» **What is needed**
While copying the entries exactly, leave out each picture they contain.

(Records from a data collection)
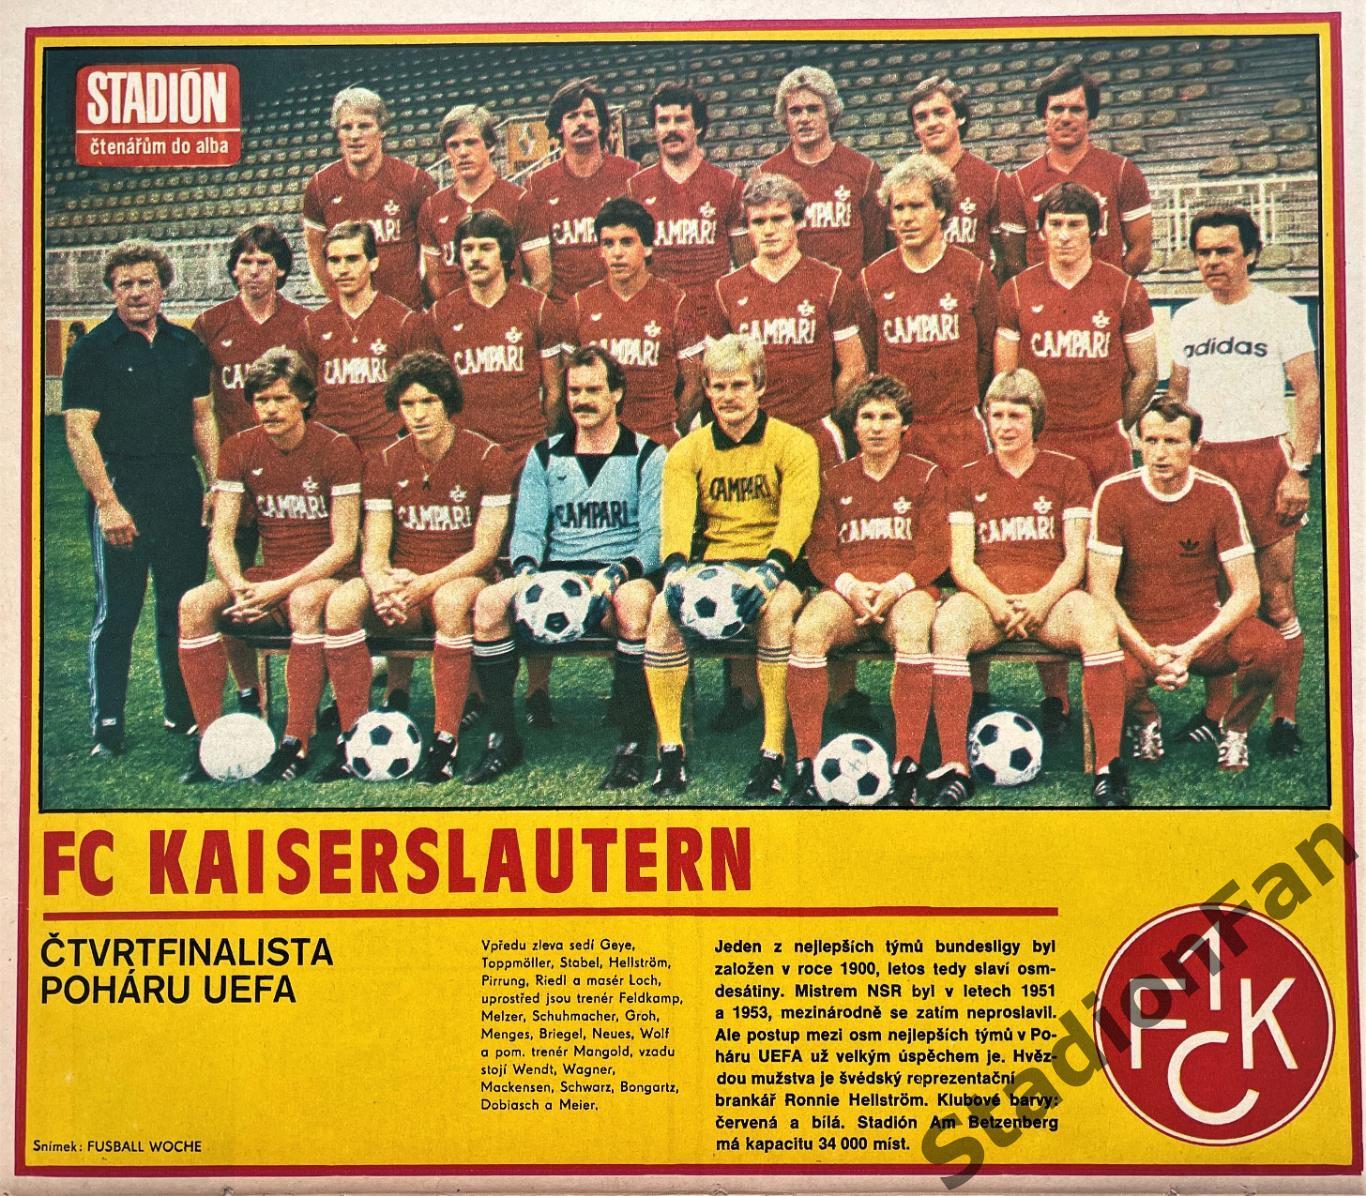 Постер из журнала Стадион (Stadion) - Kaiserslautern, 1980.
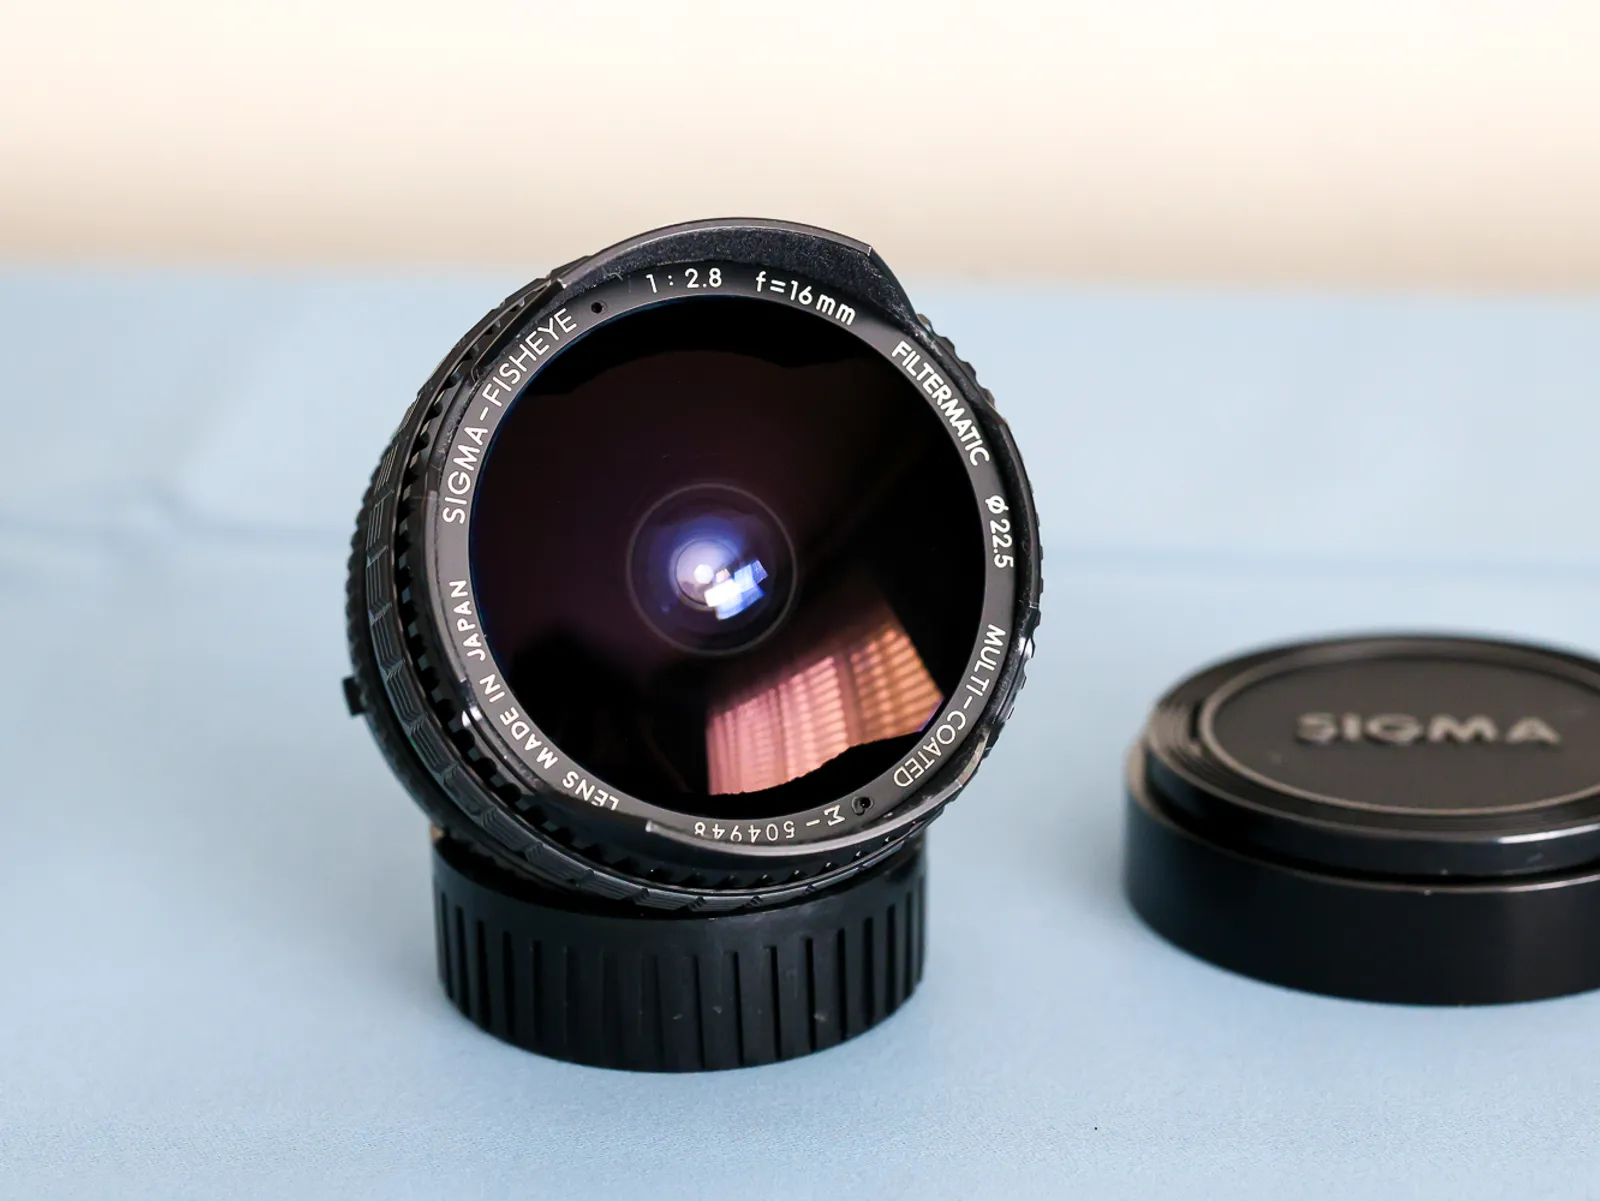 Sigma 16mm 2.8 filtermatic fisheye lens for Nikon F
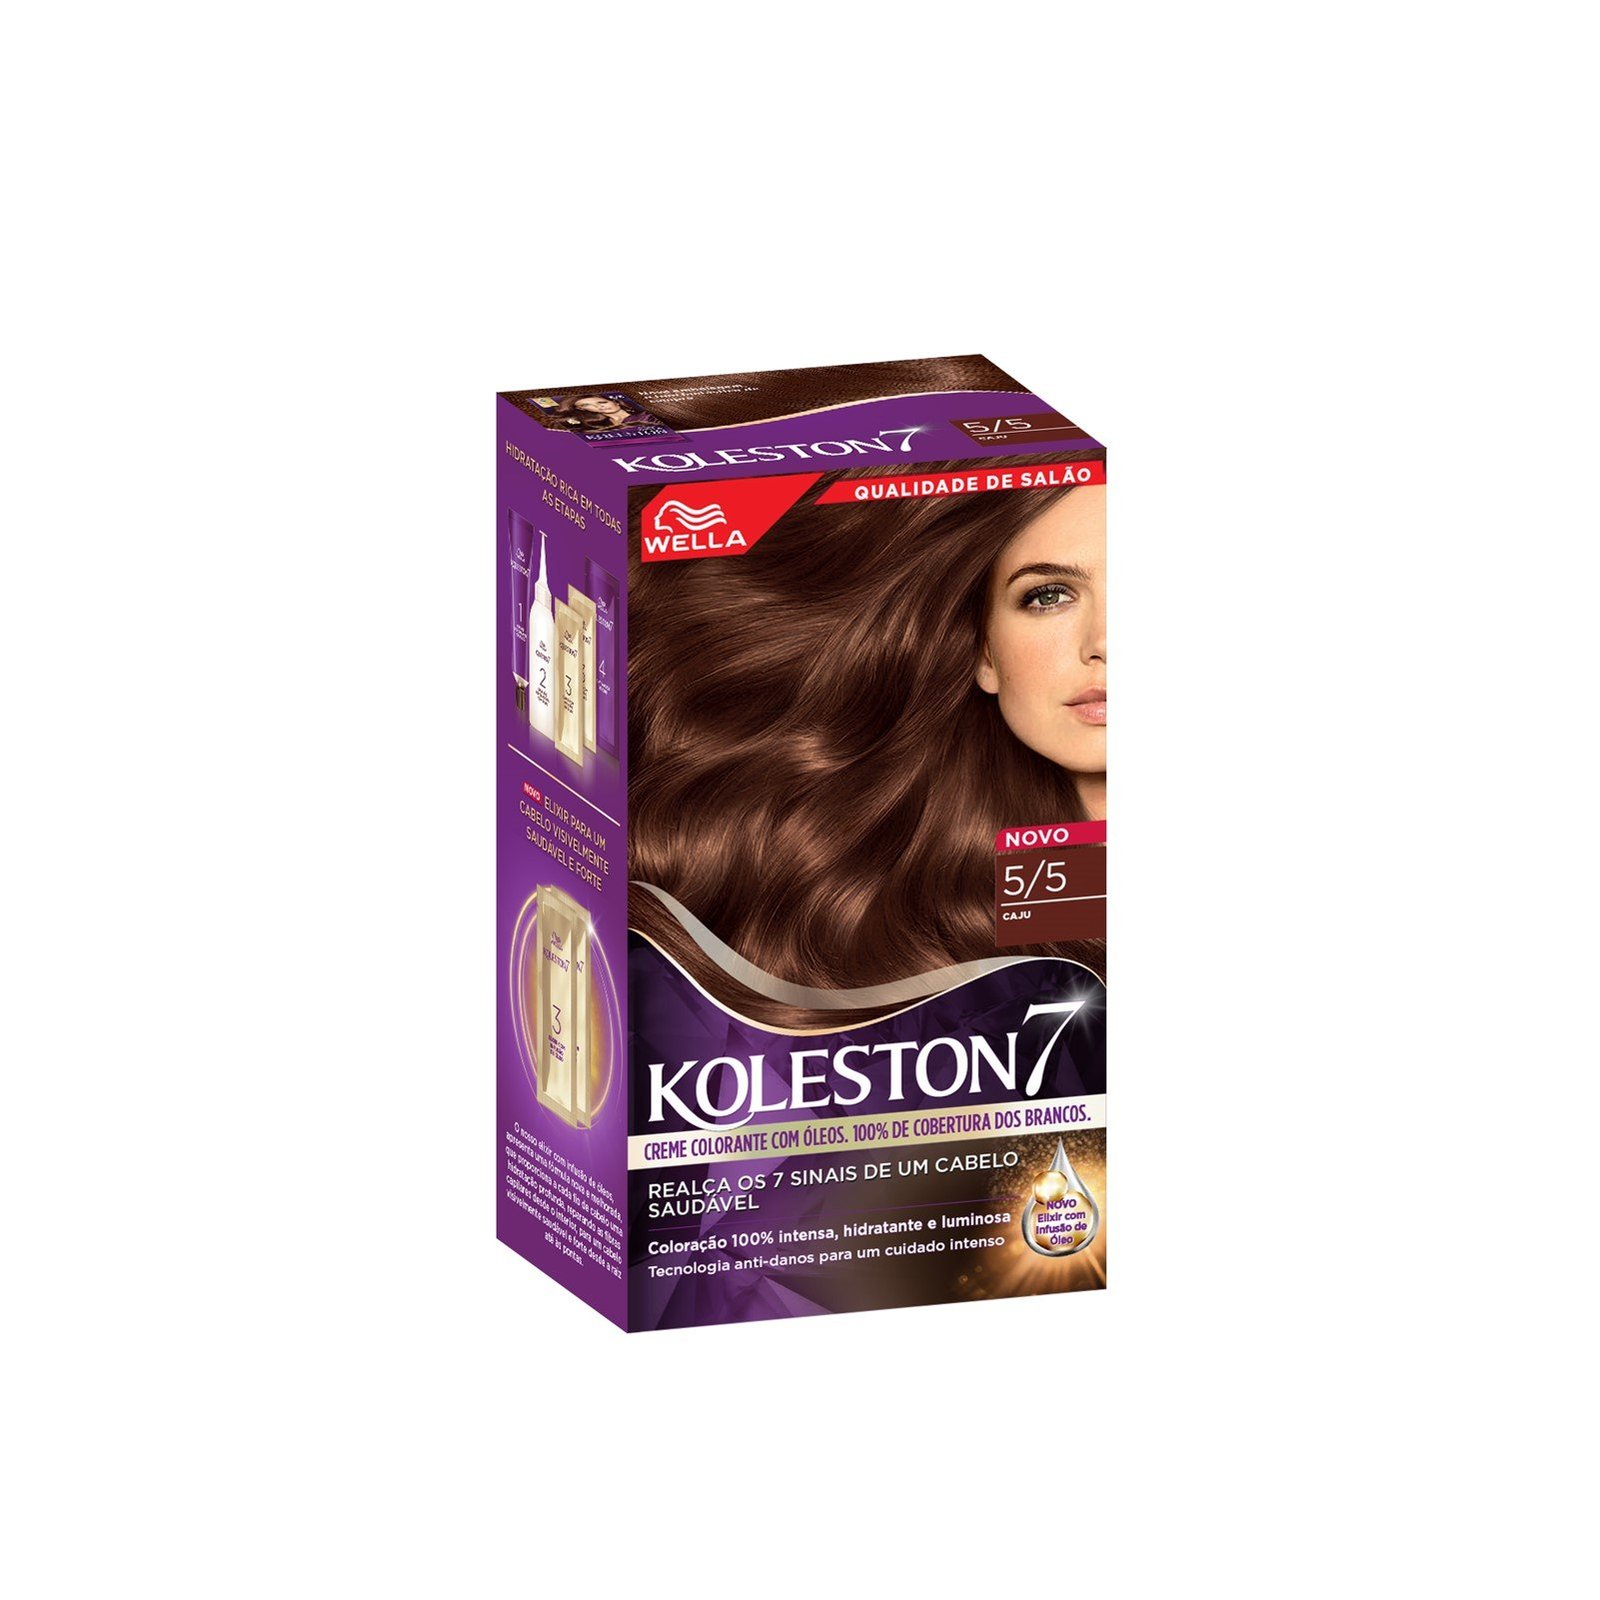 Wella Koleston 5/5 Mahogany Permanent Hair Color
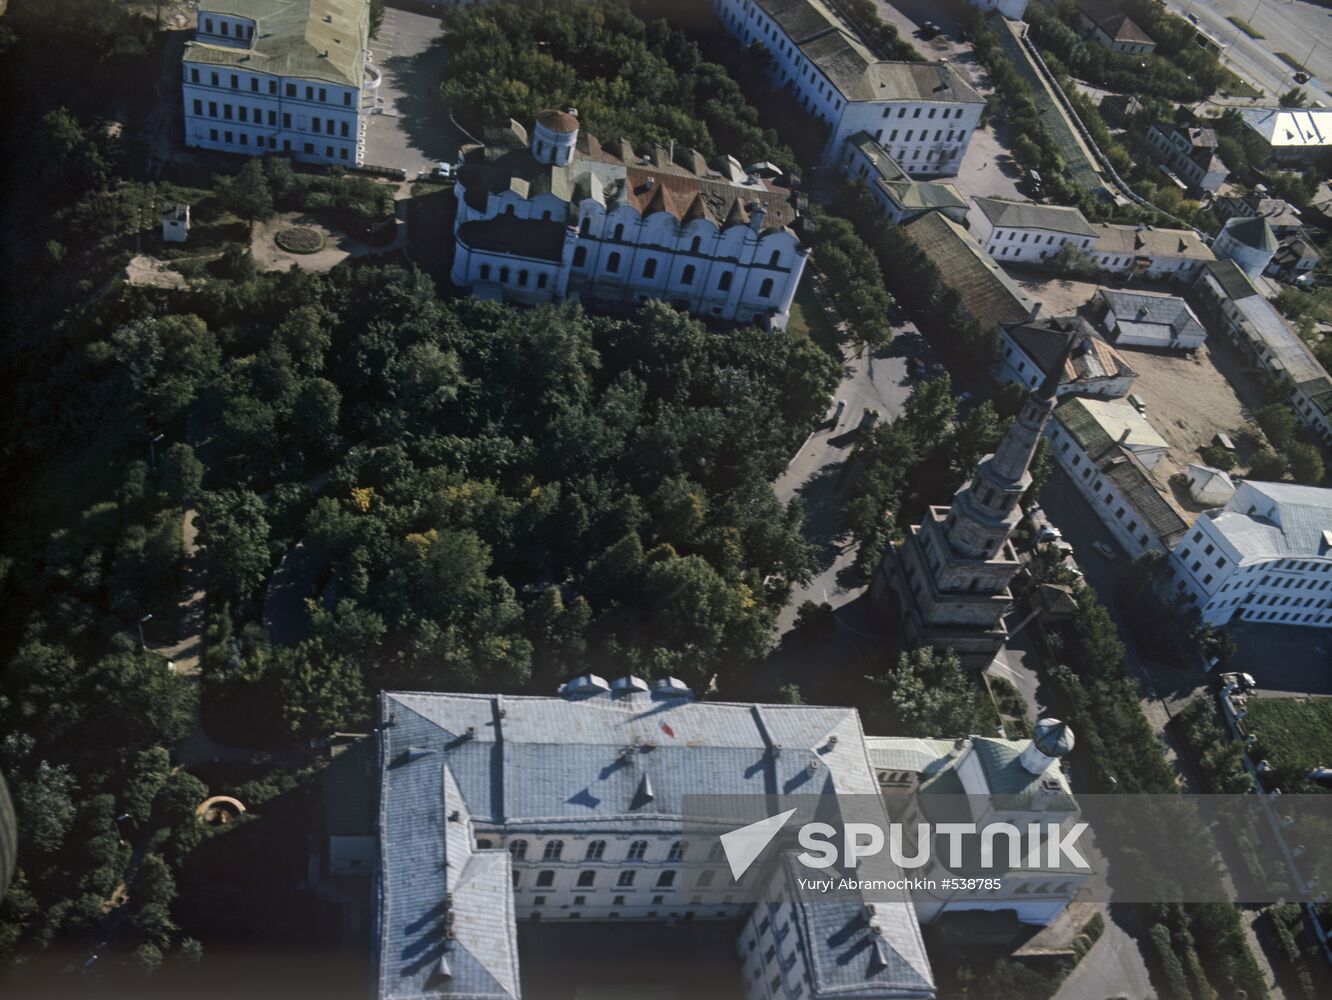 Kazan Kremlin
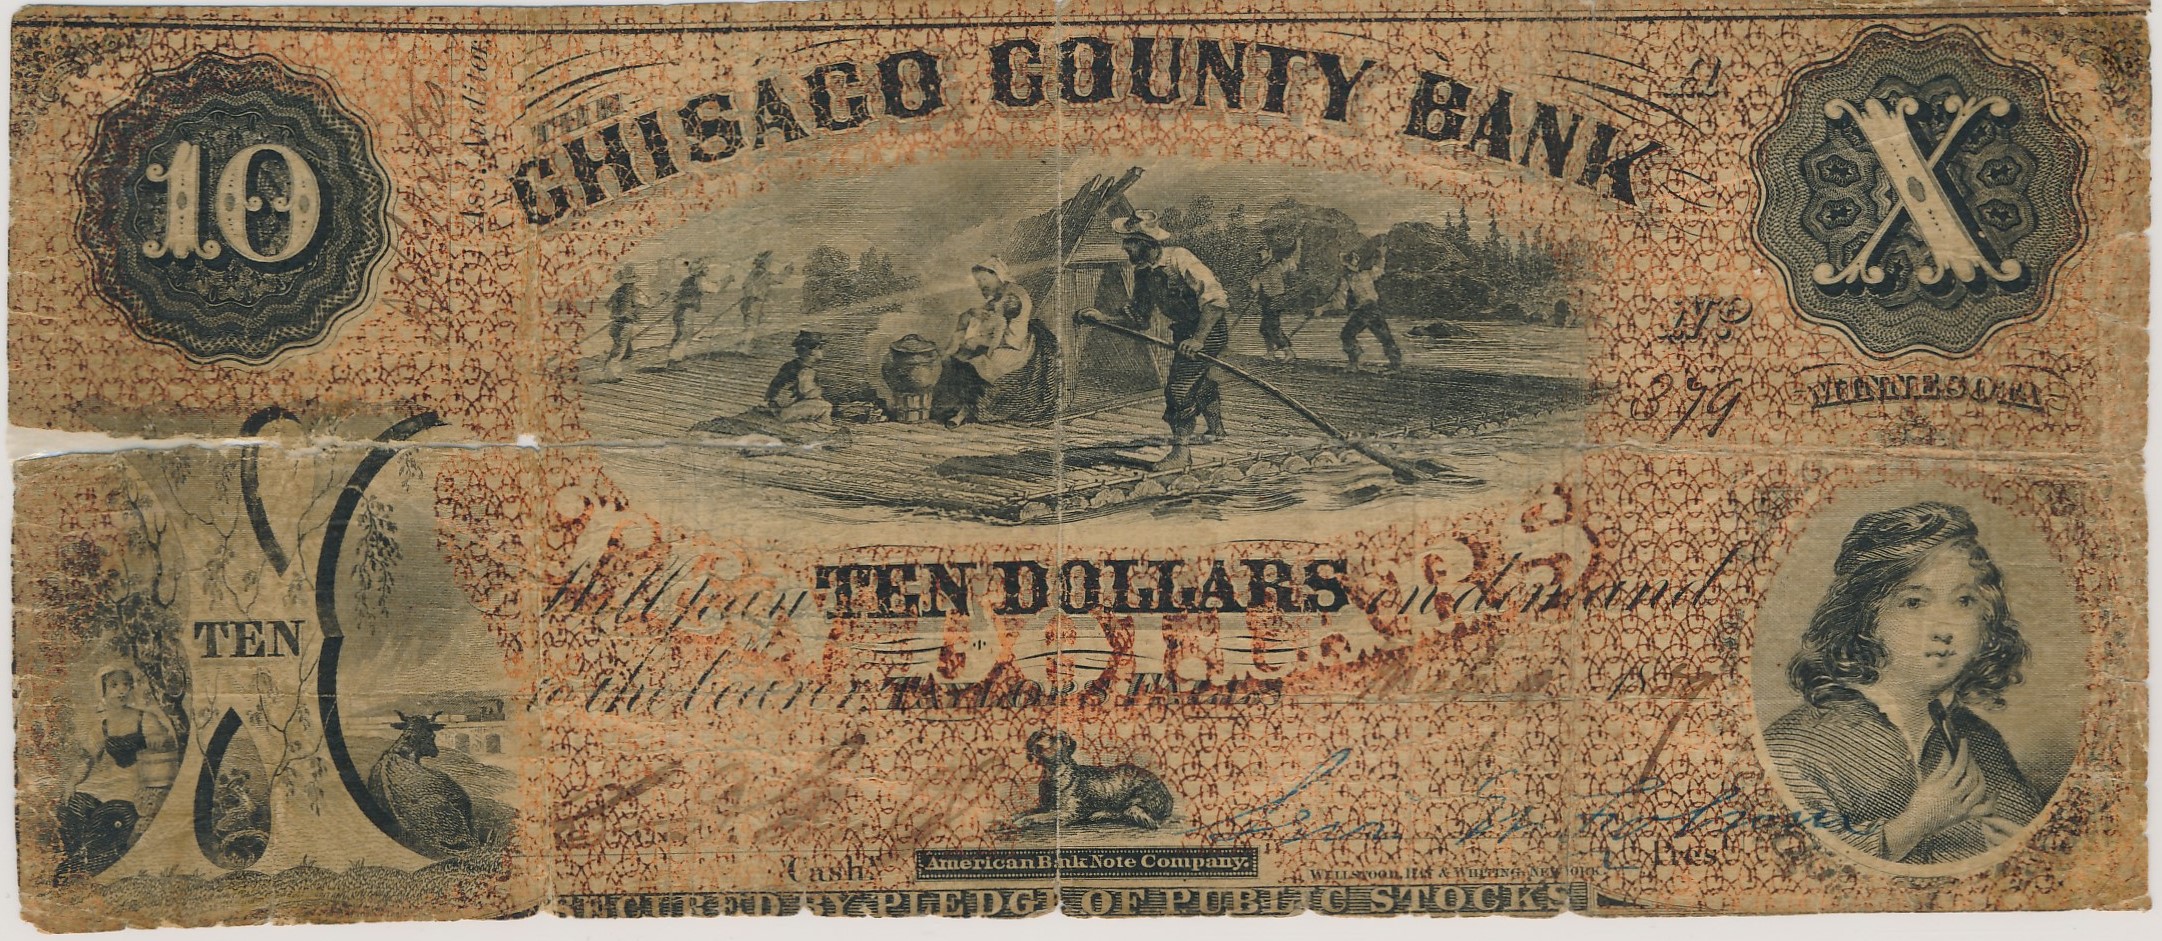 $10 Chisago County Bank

» **Written response**
 Постер из журнала Стадион (Stadion) - Kaiserslautern, 1980.
 Sigma 16mm 2.8 filtermatic fisheye lens for Nikon F
 Wella Koleston 5/5 Mahogany Permanent Hair Color
 Kazan Kremlin
 $10 Chisago County Bank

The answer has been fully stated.